- Provided material -

- - - - -

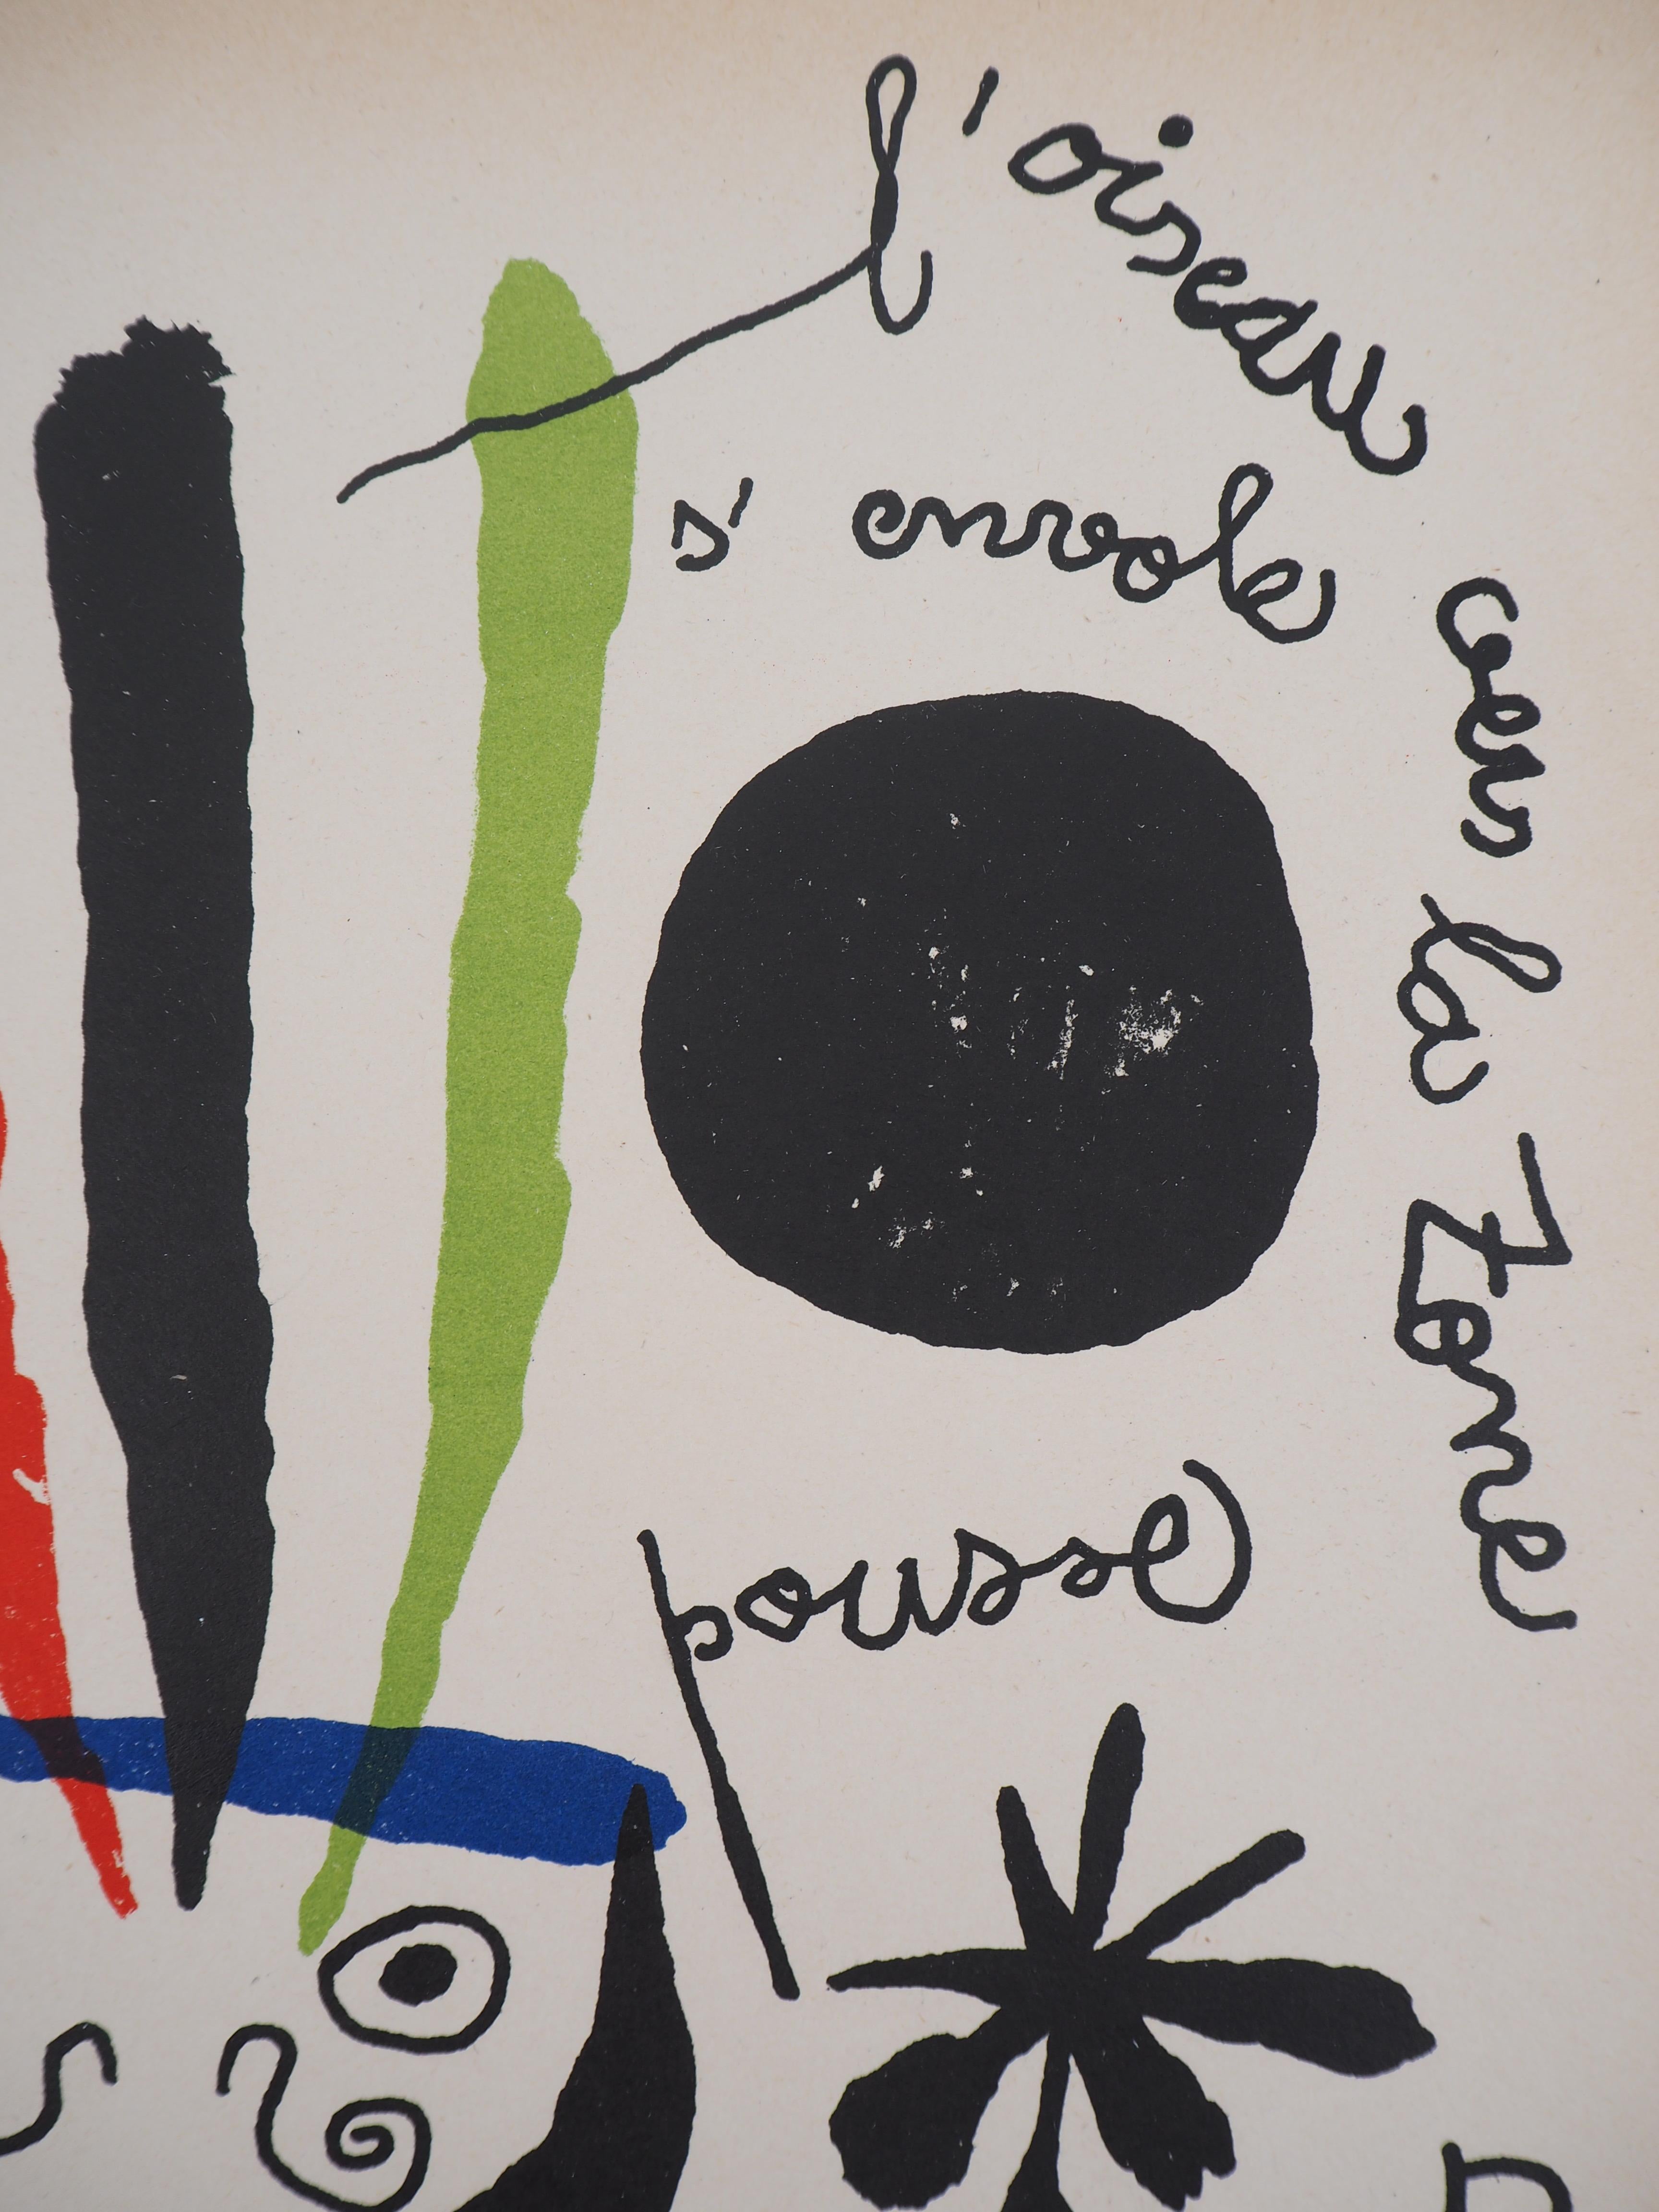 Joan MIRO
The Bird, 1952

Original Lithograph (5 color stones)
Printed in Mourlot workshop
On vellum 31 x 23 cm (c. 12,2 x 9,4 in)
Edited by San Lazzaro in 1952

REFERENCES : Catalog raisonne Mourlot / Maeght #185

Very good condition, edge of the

- - - - -

- Problem details -
For the word "Mourlot", find every line in the data that holds it and copy that line.

- Answer to this problem -
Printed in Mourlot workshop
REFERENCES : Catalog raisonne Mourlot / Maeght #185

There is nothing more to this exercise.